---------- RECORDED INFORMATION ----------
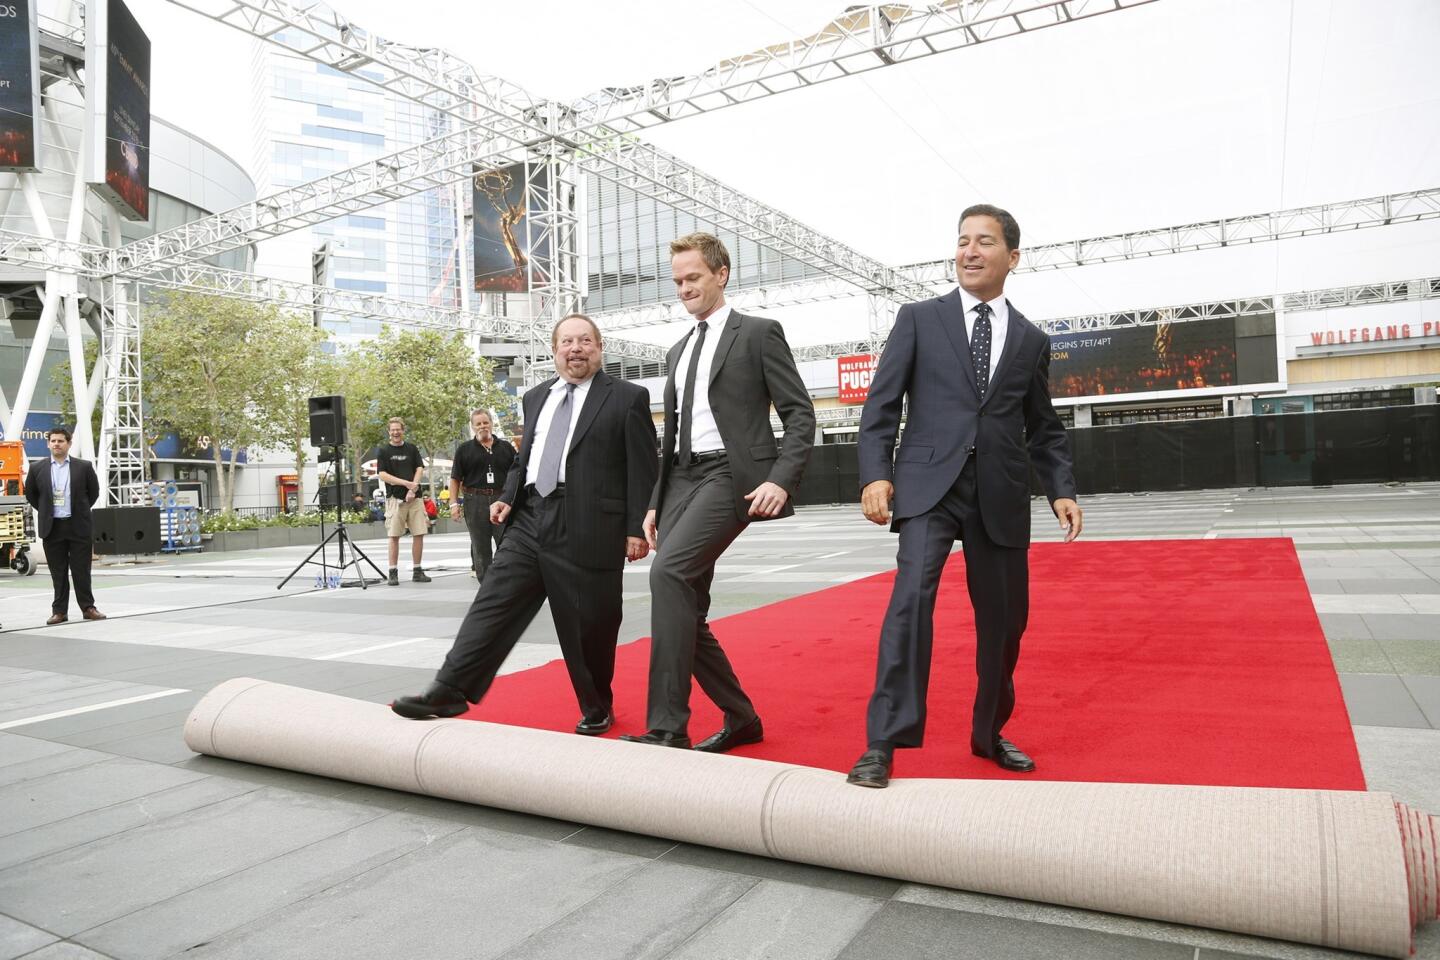 From left, Ken Ehrlich, Television Academy chairman and co-producer of this year's telecast; Neil Patrick Harris, this year's host and co-producer; and Academy of Television Arts & Sciences CEO Bruce Rosenblum roll out the red carpet for the 65th Primetime Emmy Awards at the Nokia Theatre Sunday, airing live on CBS at 5 p.m. PDT.
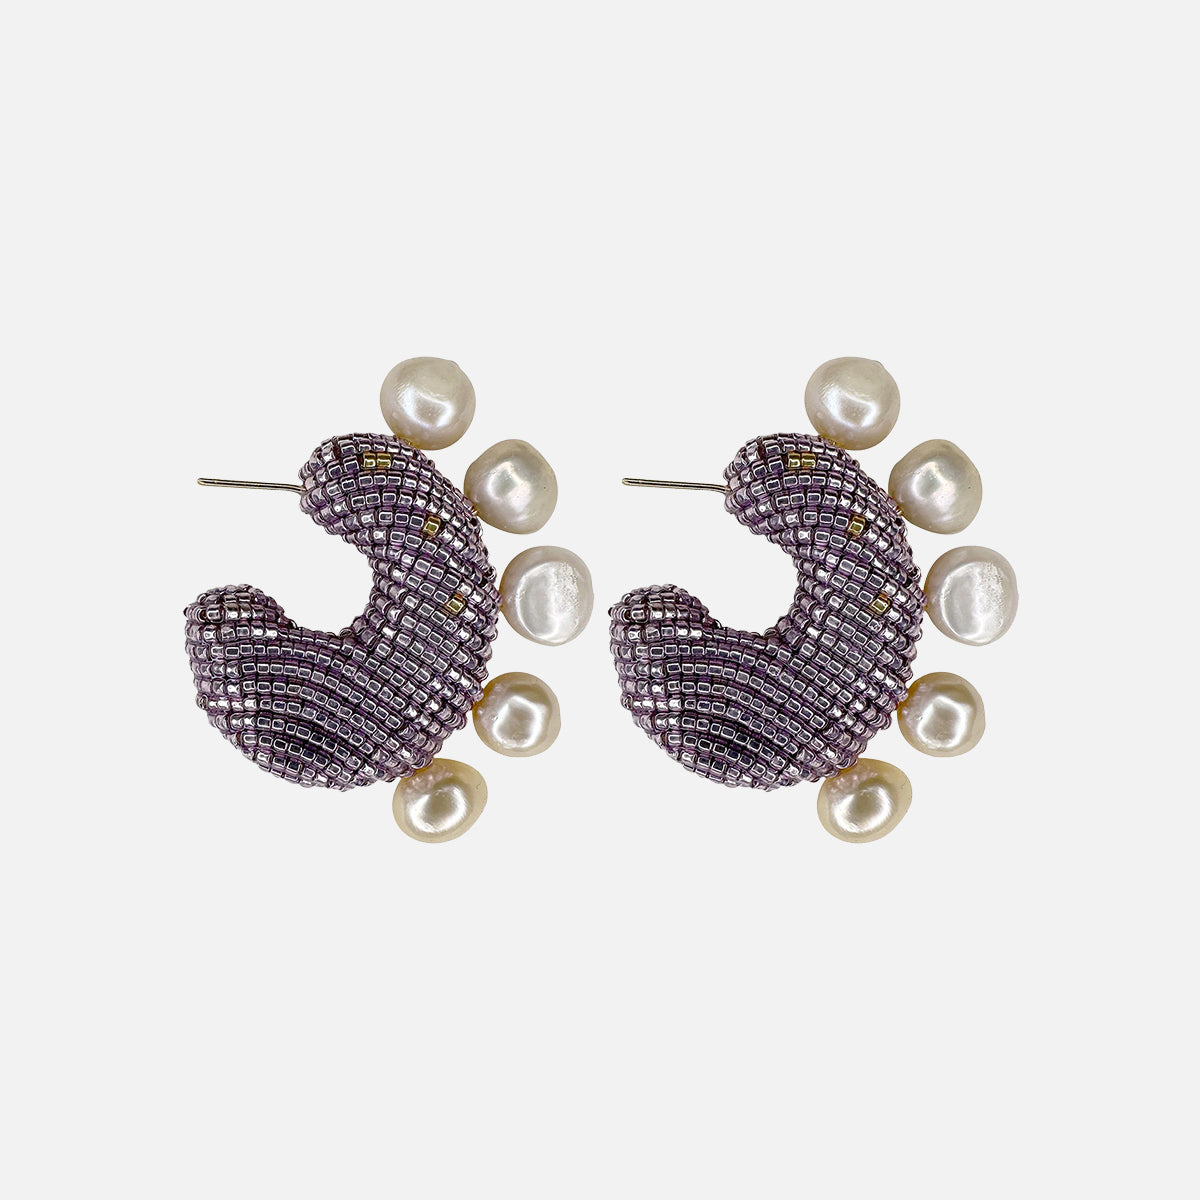 Solito Pearled Earrings, Lilac
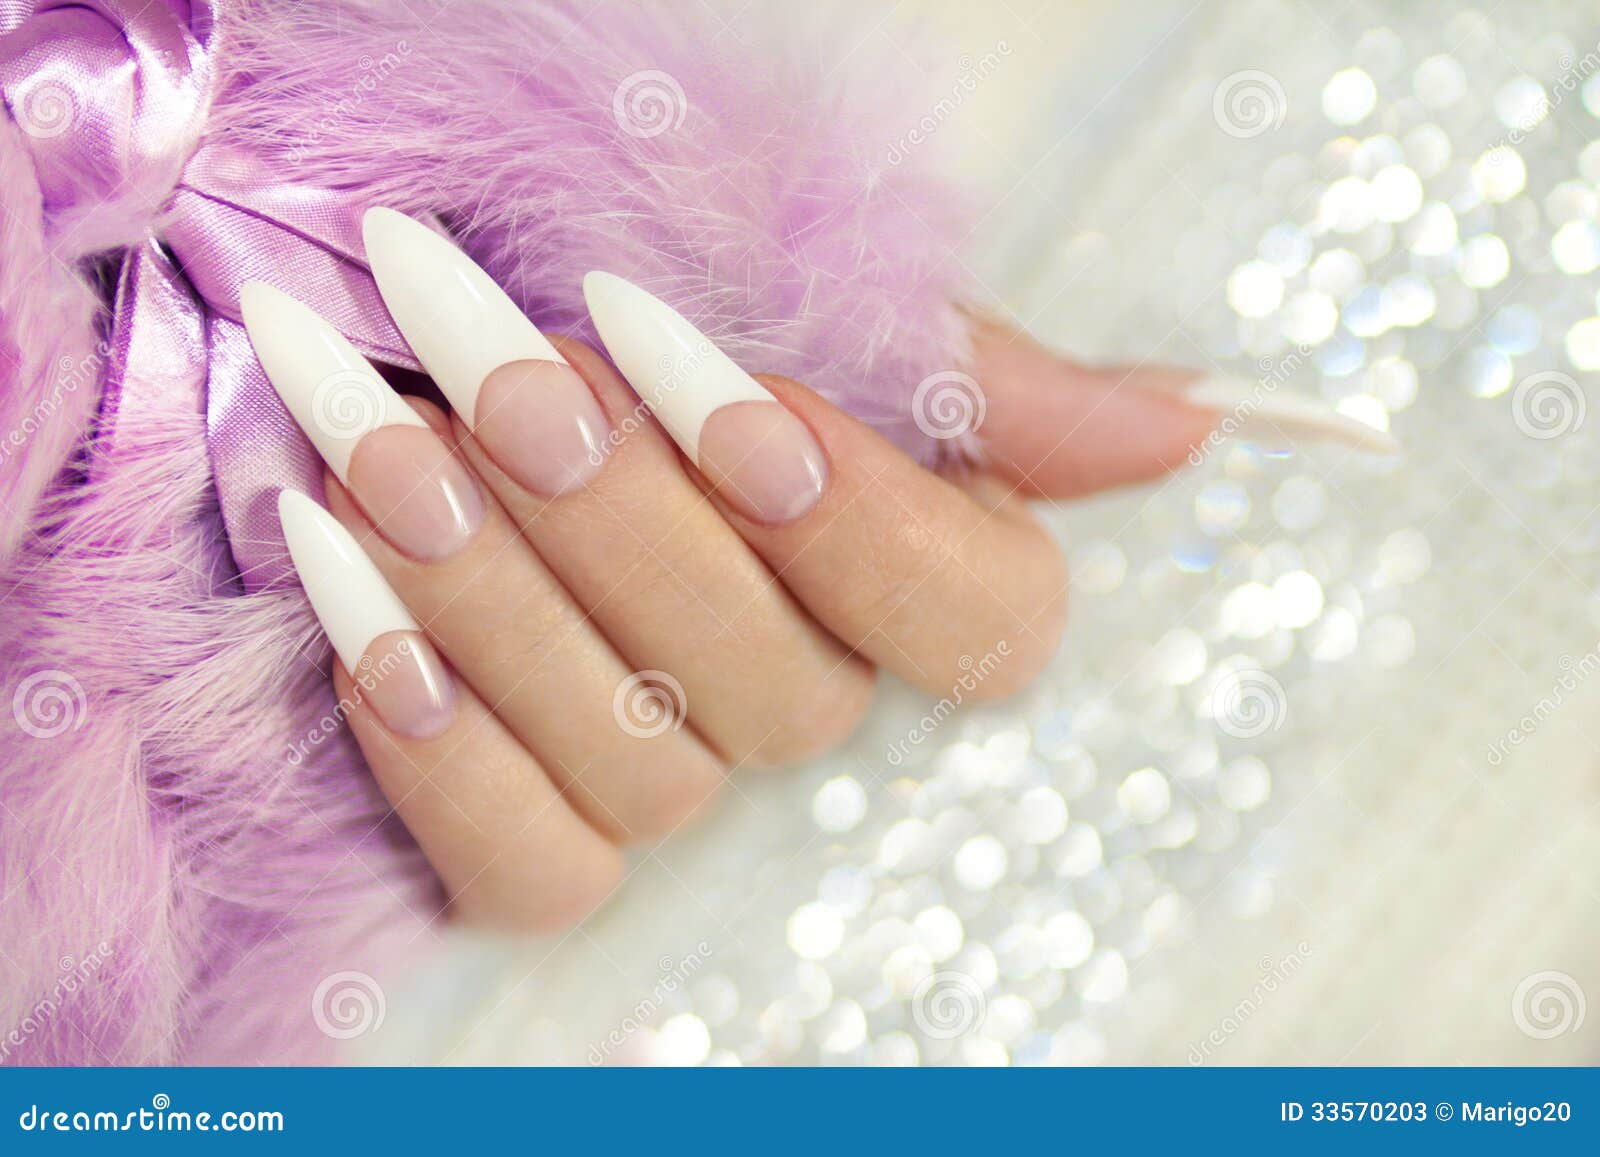 French long manicure. stock image. Image of cosmetics - 33570203
----------
**ABOUT THIS EXERCISE**
Transcribe every line of the listing above exactly; skip the pictures.

**ANSWER AREA**
 From left, Ken Ehrlich, Television Academy chairman and co-producer of this year's telecast; Neil Patrick Harris, this year's host and co-producer; and Academy of Television Arts & Sciences CEO Bruce Rosenblum roll out the red carpet for the 65th Primetime Emmy Awards at the Nokia Theatre Sunday, airing live on CBS at 5 p.m. PDT.
 Solito Pearled Earrings, Lilac
 French long manicure. stock image. Image of cosmetics - 33570203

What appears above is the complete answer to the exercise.